TASK OBJECTIVE: What you return must be the data below, word for word, without any images.

INFORMATION SHOWN:
━━━━━━━━

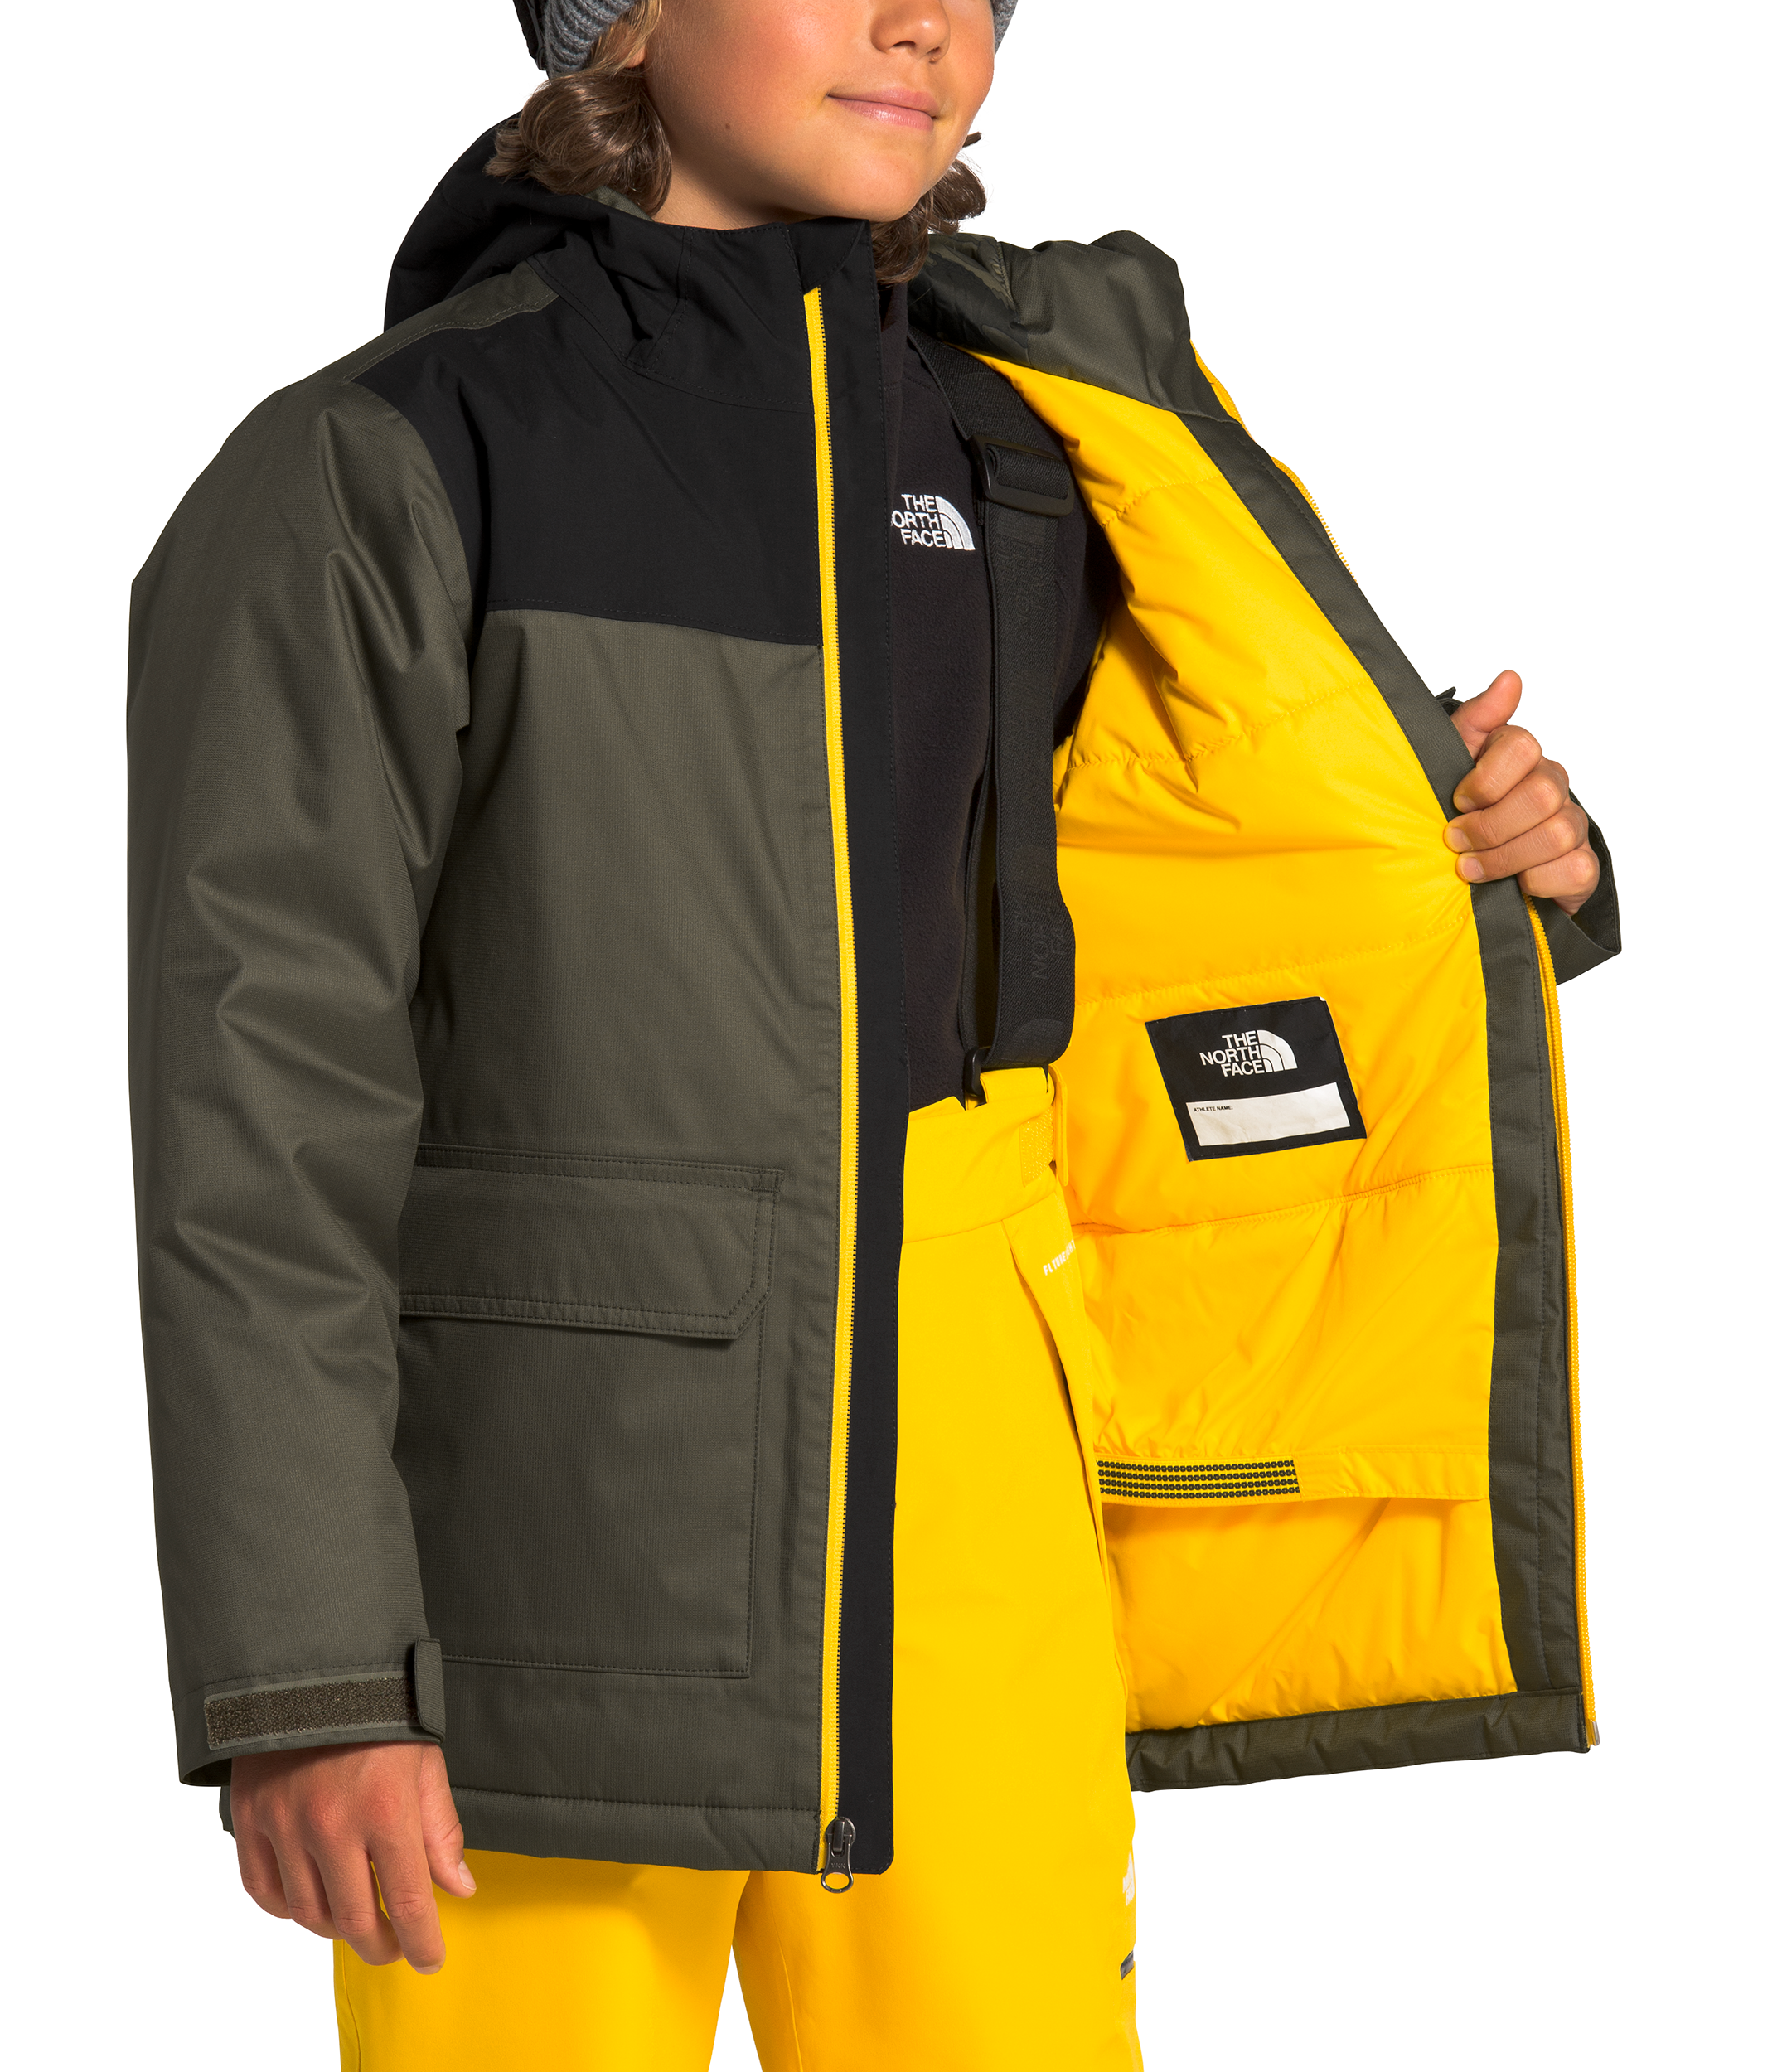 The North Face Boys Freedom Insulated Jacket '21
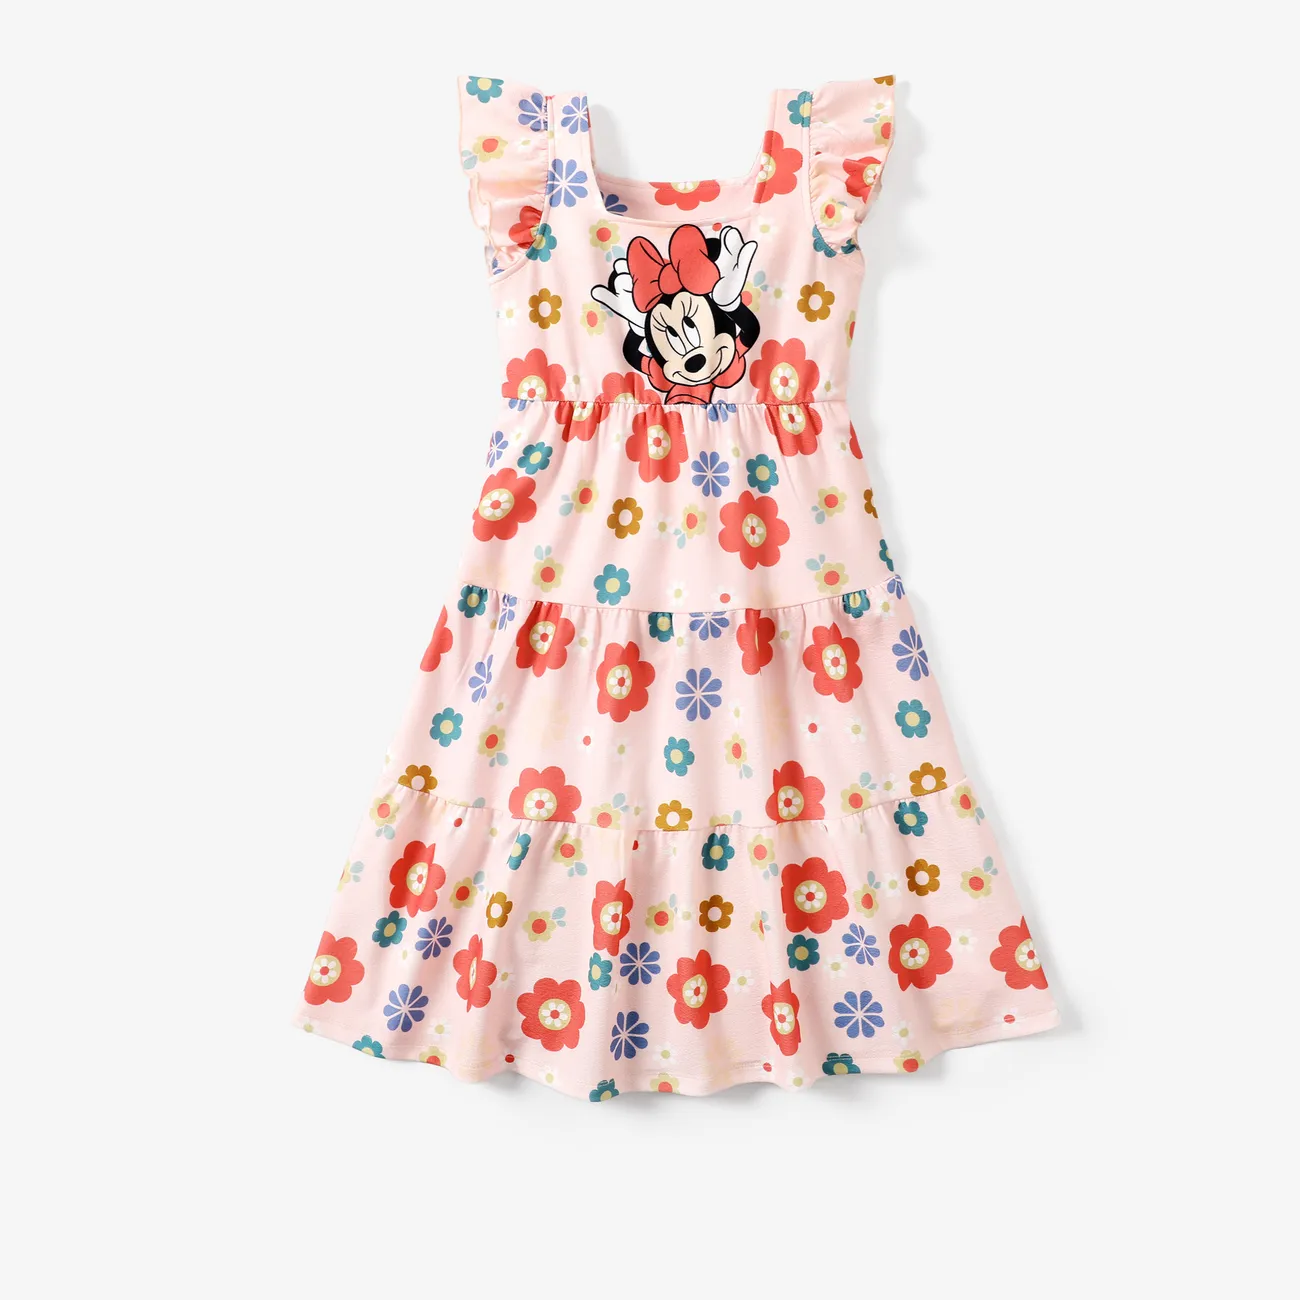 Disney Mickey and Friends 1 pc Kid Girl Character Print Floral Ruffled-Sleeve Dress Pink big image 1
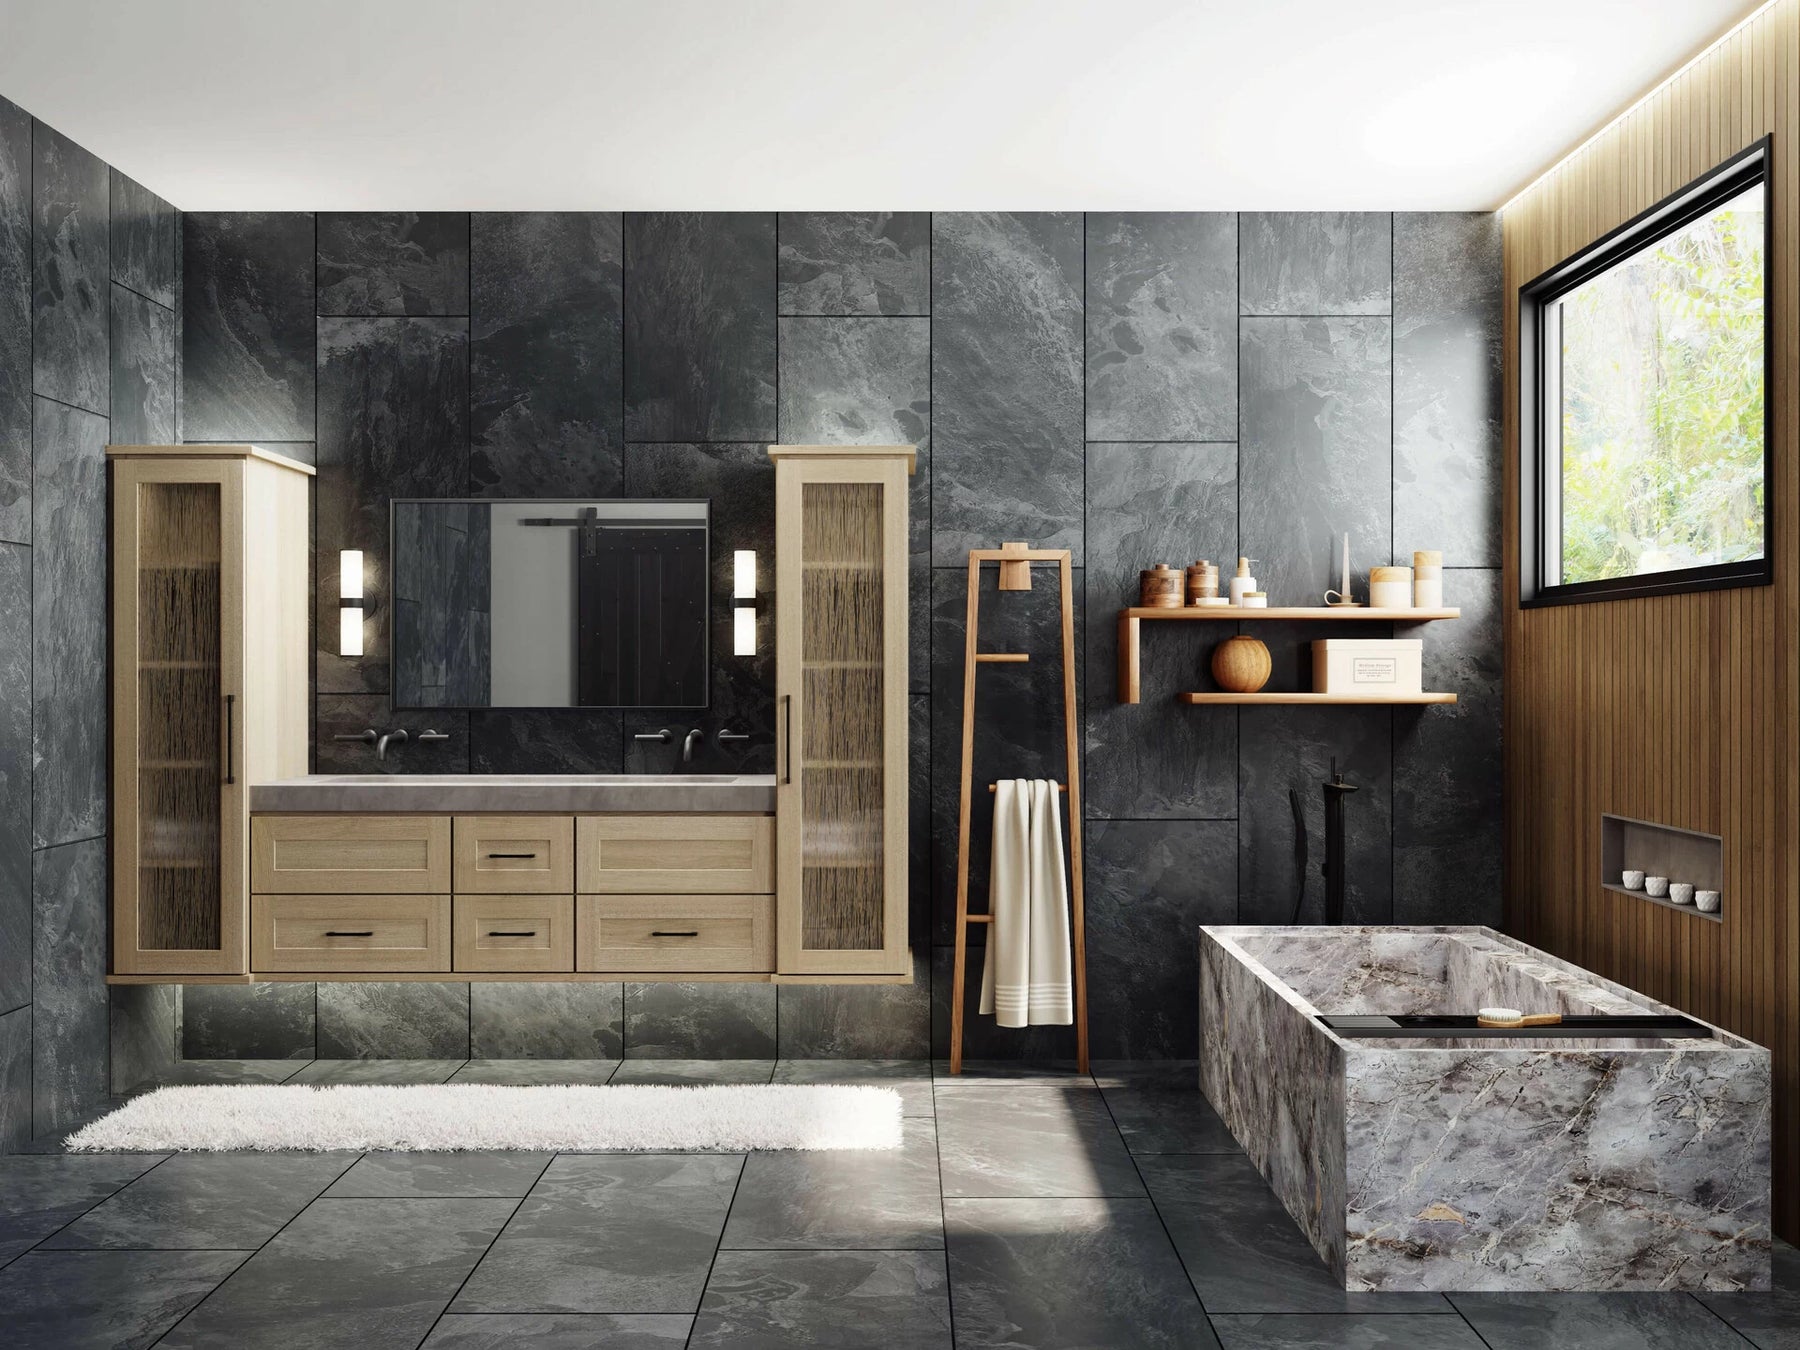 Nº82/Bathroom remodeling is often a popular home improvement project for both new and old homeowners

━━━━━━━━

YOUR SOLUTION:
 The North Face Boys Freedom Insulated Jacket '21
 Disney Mickey and Friends 1 pc Kid Girl Character Print Floral Ruffled-Sleeve Dress Pink big image 1
 Nº82/Bathroom remodeling is often a popular home improvement project for both new and old homeowners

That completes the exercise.